由於軟硬體技術的突破，虛擬實境技術已經能被廣泛的應用於各領域中。然而成功的虛擬實境應用，必須要能完整地使用虛擬塑模觀念與技術來發揮實境議題之內涵，因此，虛擬化前對實境議題之深入了解相當重要，而虛擬化之技巧更是關鍵。但對於希望借助虛擬實境技術推演實境運作之研究者而言，卻是一個不易掌握的技術瓶頸。尤其當虛擬互動之細節越逼近實體環境現象時，其塑模之繁瑣程度極可能阻止了虛擬化的應用。
有鑒於此，本研究提出以物件導向塑模技術來輔助建構虛擬環境之流程腳本(Script)，並以欲模擬之實體事物運作情境來推演出塑模程序之片段及其連結，而使塑模之流程結構化且自動化。其目的除了可省去虛擬實境應用者之軟體學習時程、減少編輯錯誤、並精簡流程內容外，尚可有助增進虛擬模擬之正確性。於是，研究方法將採以下三大階段進行之：(1) 使用有限狀態機(Finite-state Machine)推理實境議題之內涵，以斷定事理之主角、動作、及關連。(2) 使用統一塑模語言(UML)之物件導向技術將前項事理各細節作一具體之描述。(3) 歸納前項之動作流程而製作出相容於虛擬環境塑模腳本之各型樣板，以供樣板之套用及重複使用。實作部份，將採用虛擬實境軟體Virtools做為應用平台來產生樣板及腳本，並以虛擬工廠之實作案例驗證本研究方法。

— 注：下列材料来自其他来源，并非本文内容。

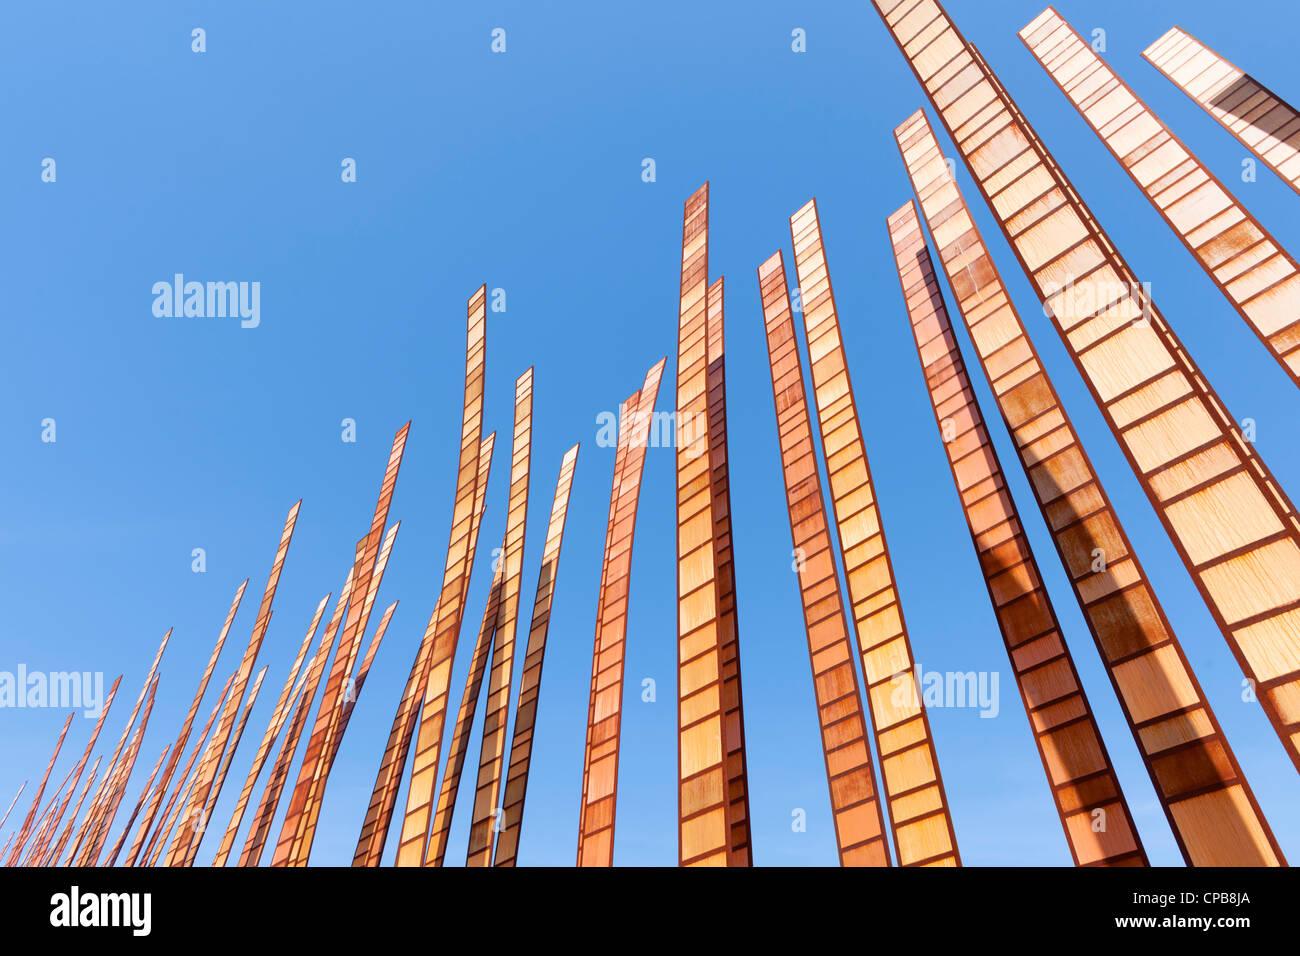 Grass Blades sculpture, Seattle Center - Stock Image

Virtual reality (VR) is getting popular in many areas of applications because of the advancements of modern technologies in computer hardware and software. A successful implementation of VR requires thorough comprehension in modeling concepts and techniques, which could be a burden to whomever new to VR and wish to employ VR as a simulator. The complexity of how the digital replica can mimic the substantial may hamper the users from building an elaborate virtual model.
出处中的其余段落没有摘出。